Pearson v. Schubach

763 P.2d 834, 52 Wash. App. 716
CourtCourt of Appeals of Washington
DecidedNovember 10, 1988
Docket8264-4-III
StatusPublished
Cited by16 cases

This text of 763 P.2d 834 (Pearson v. Schubach) is published on Counsel Stack Legal Research, covering Court of Appeals of Washington primary law. Counsel Stack provides free access to over 12 million legal documents including statutes, case law, regulations, and constitutions.

Bluebook
Pearson v. Schubach, 763 P.2d 834, 52 Wash. App. 716 (Wash. Ct. App. 1988).

Opinion

Munson, A.C.J.

In April 1982, Erwin Schubach leased property located at E. 11619 Sprague Avenue, Spokane, to Mr. and Mrs. Kenneth Pearson and Mr. and Mrs. Lyle Johnson (collectively referred to as Mr. Pearson). The lease was for 1 year, commencing April 5, 1982, with automatic annual extensions spanning 5 years. The lease contained the following provision:

26. First Right of Refusal. In the event Lessor is in receipt of a bona fide offer to purchase the demised property, which Lessor is willing to accept for purchase and sale of demised premises, Lessor shall furnish a copy of fully executed offer to purchase to Lessees within twenty-four (24) hours of receipt thereof and Lessees herein may exercise their first right to refusal not to *718 exceed forty-eight (48) hours from the date of receipt of copy thereof.
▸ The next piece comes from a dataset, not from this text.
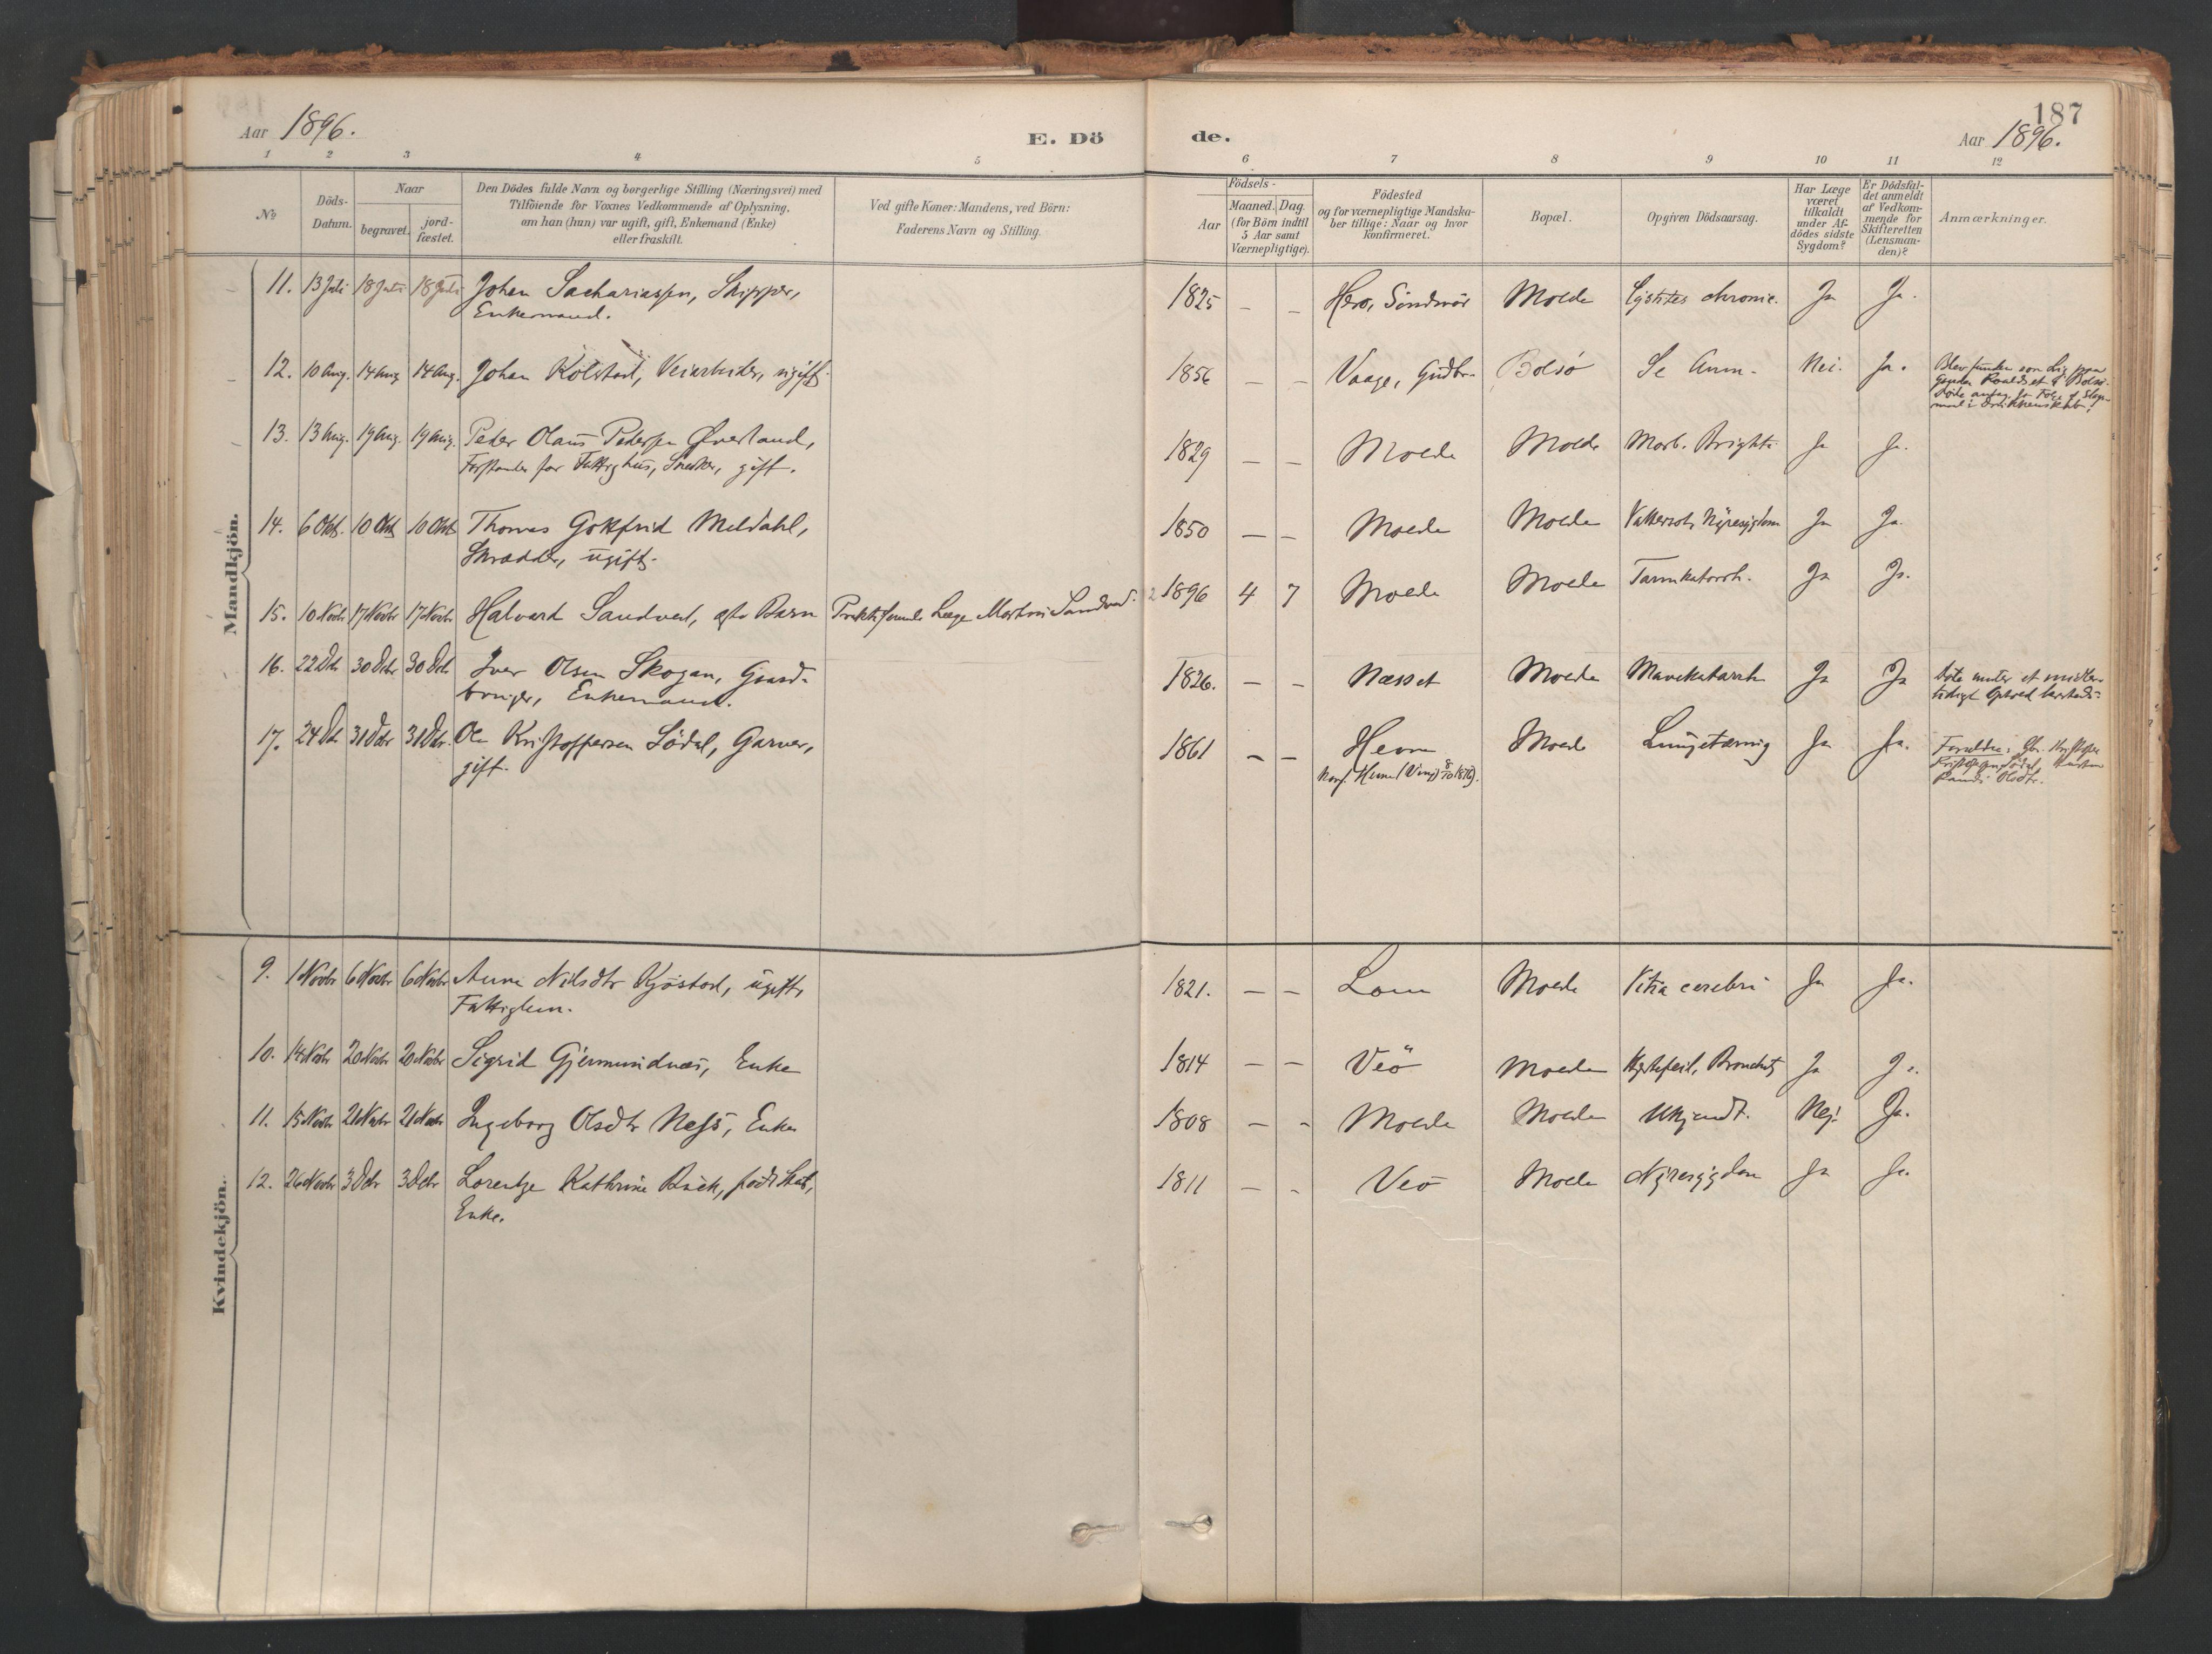 SAT, Ministerialprotokoller, klokkerbøker og fødselsregistre - Møre og Romsdal, 558/L0692: Ministerialbok nr. 558A06, 1887-1971, s. 187

On October 12,1982, the Superior Court ordered the sale of Mr. Schubach's real property to satisfy a judgment rendered against him in State v. Empire Mobile Homes, Inc. (Spokane County Superior Court cause 79-2-07168-9, a consumer protection violation based on RCW 19.86). Kiemle & Hagood Company was appointed by the court as marketing agent for the sale; Paul Clausen was the closing attorney. According to an independent appraisal, the value of the property was $1,015,000.
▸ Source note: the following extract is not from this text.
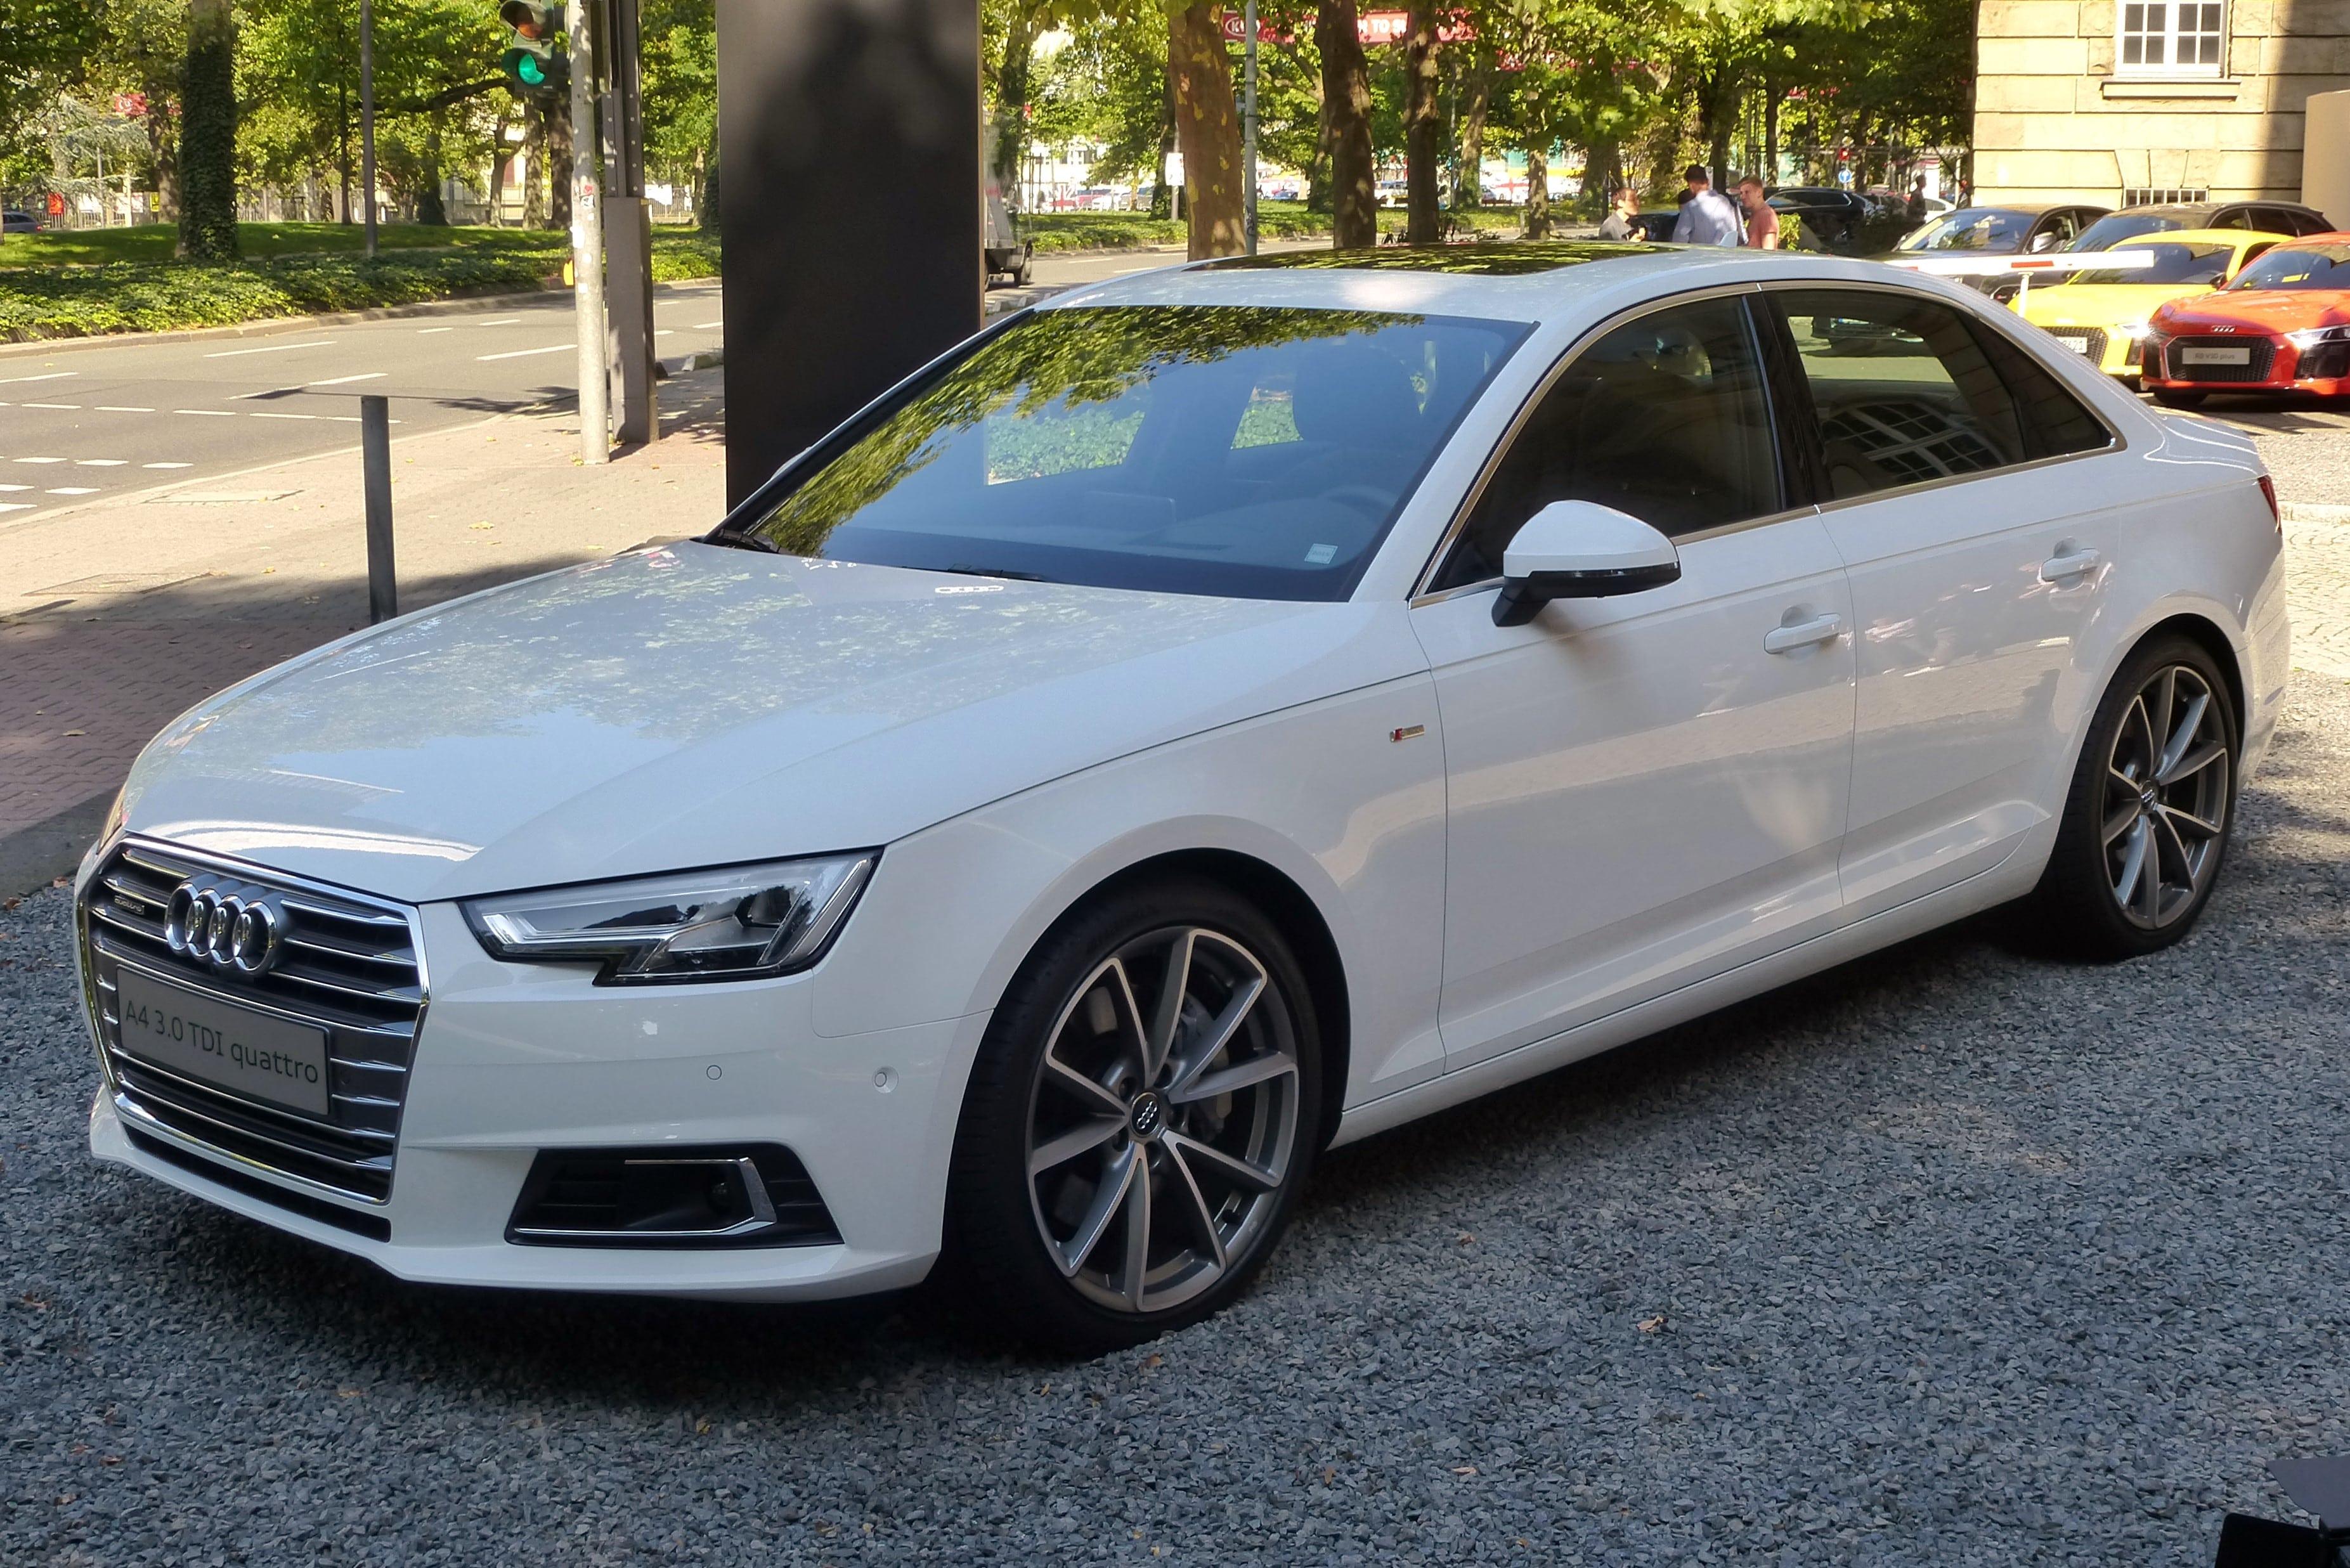 Audi A4 B9 Hd Wallpapers 7wallpapersnet

Subsequently, Henry Grinalds, d/b/a G.M.P. Properties (G.M.P.), made an offer to purchase the property. It is undisputed all parties were aware of Mr. Pearson's right of first refusal. The offer to purchase was structured in such a fashion that the leased portion was separate from the unleased and both had different terms and square footage prices. However, the sale of the leased property was contingent upon the sale of the unleased portion.

By letter dated August 22, 1983, notice of the offer to purchase was personally served that day on Mrs. Pearson by a representative of the Attorney General's office. Mr. Pearson was present in the home; Mrs. Pearson gave him the letter. However, the earnest money agreement accompanying the letter was signed by an agent of Kiemle & Hagood, rather than Mr. Grinalds, on behalf of G.M.P. The agreement provided the sale was contingent upon the undisclosed purchaser (G.M.P.) "negotiating a purchase upon terms and conditions satisfactory to Purchaser on all of the Sellers contiguous property, of which the above described property is a part, within 5 days of Seller's acceptance."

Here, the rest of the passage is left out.